Building intuition of iron evolution during solar cell processing through analysis of different process models

An important aspect of Process Simulators for photovoltaics is prediction of defect evolution during device fabrication. Over the last twenty years, these tools have accelerated process optimization, and several Process Simulators for iron, a ubiquitous and deleterious impurity in silicon, have been developed. The diversity of these tools can make it difficult to build intuition about the physics governing iron behavior during processing. Thus, in one unified software environment and using self-consistent terminology, we combine and describe three of these Simulators.
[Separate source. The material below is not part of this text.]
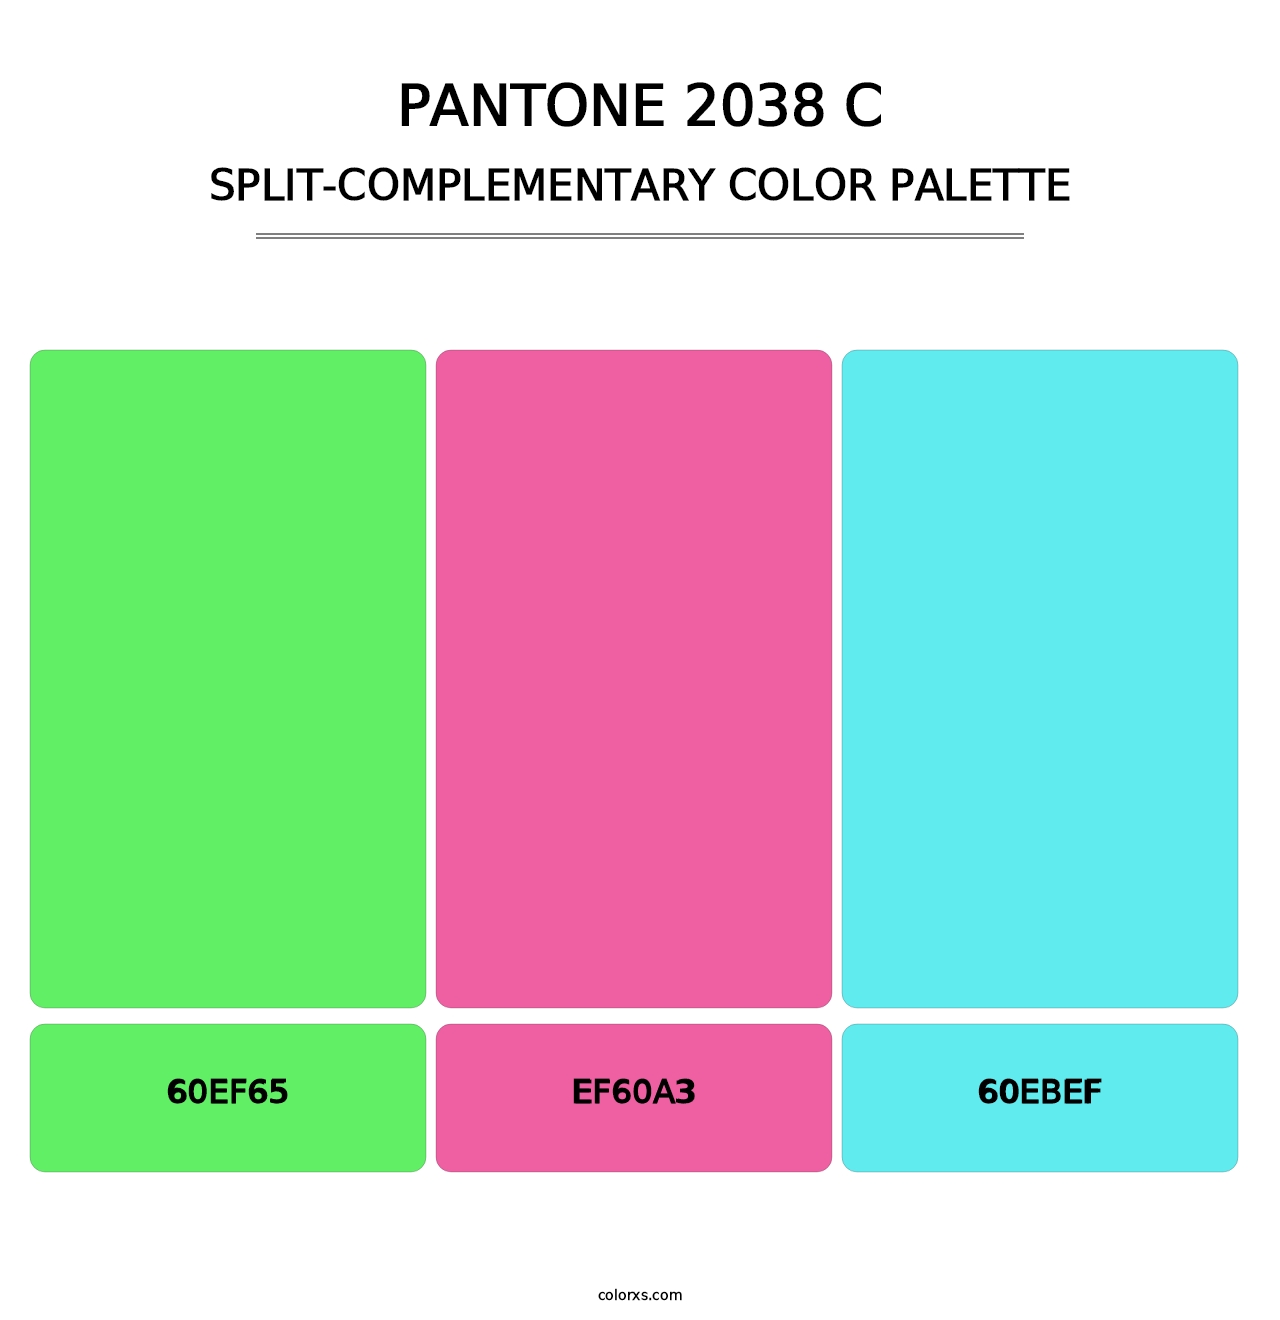 PANTONE 2038 C - Split-Complementary Color Palette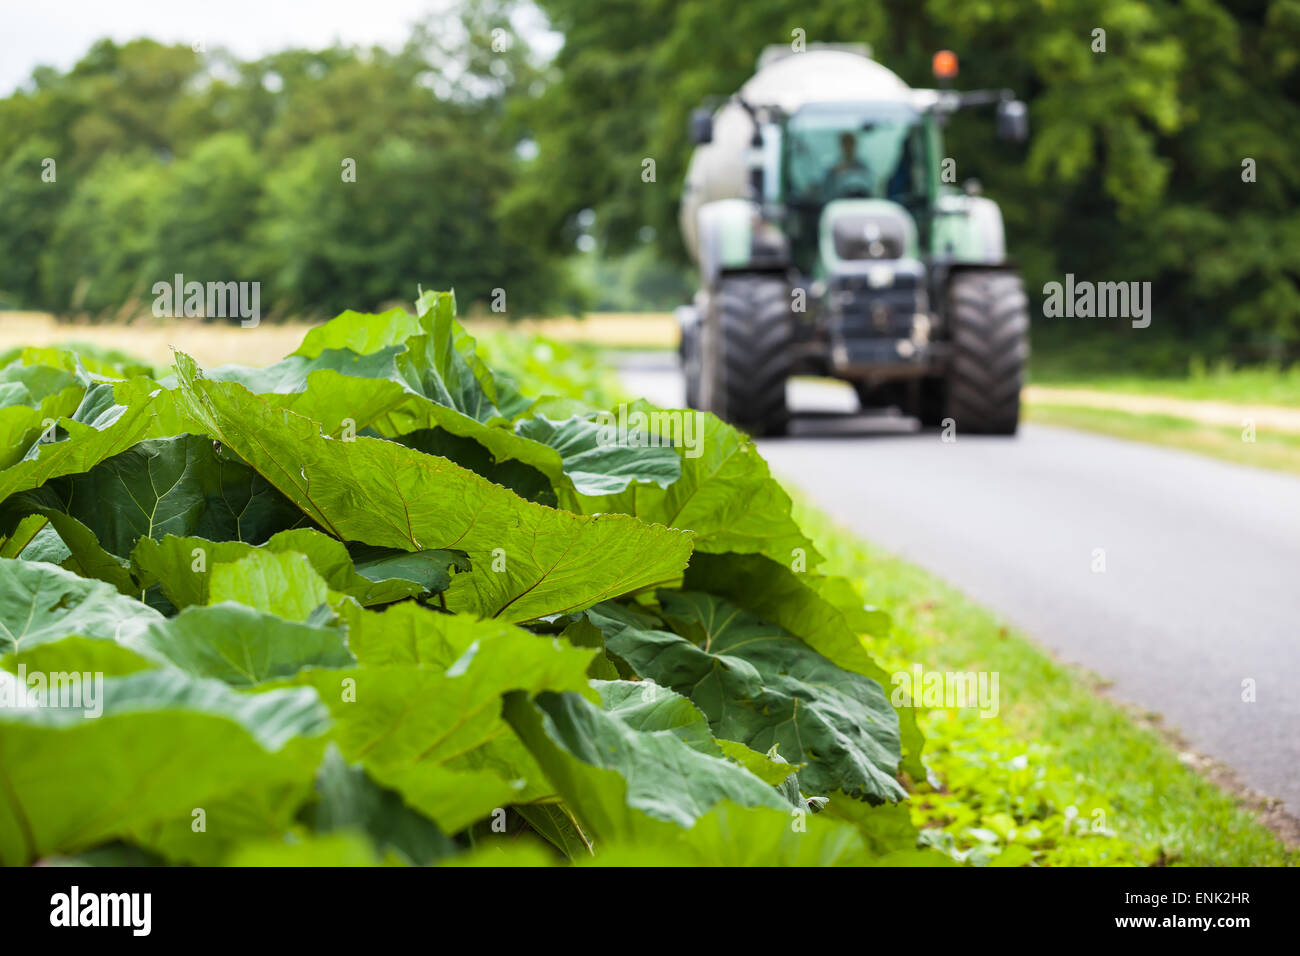 Grandi foglie verdi a lato di una strada di campagna, un trattore arriva lungo in background Foto Stock

We vary structural defect distribution and iron precipitation equations to create eight distinct Models, which we then use to simulate different stages of processing. We find that the structural defect distribution influences the final interstitial iron concentration ([Fe-i]) more strongly than the iron precipitation equations. We identify two regimes of iron behavior: (1) diffusivity-limited, in which iron evolution is kinetically limited and bulk [Fe-i] predictions can vary by an order of magnitude or more, and (2) solubility-limited, in which iron evolution is near thermodynamic equilibrium and the Models yield similar results. This rigorous analysis provides new intuition that can inform Process Simulation, material, and process development, and it enables scientists and engineers to choose an appropriate level of Model complexity based on wafer type and quality, processing conditions, and available computation time.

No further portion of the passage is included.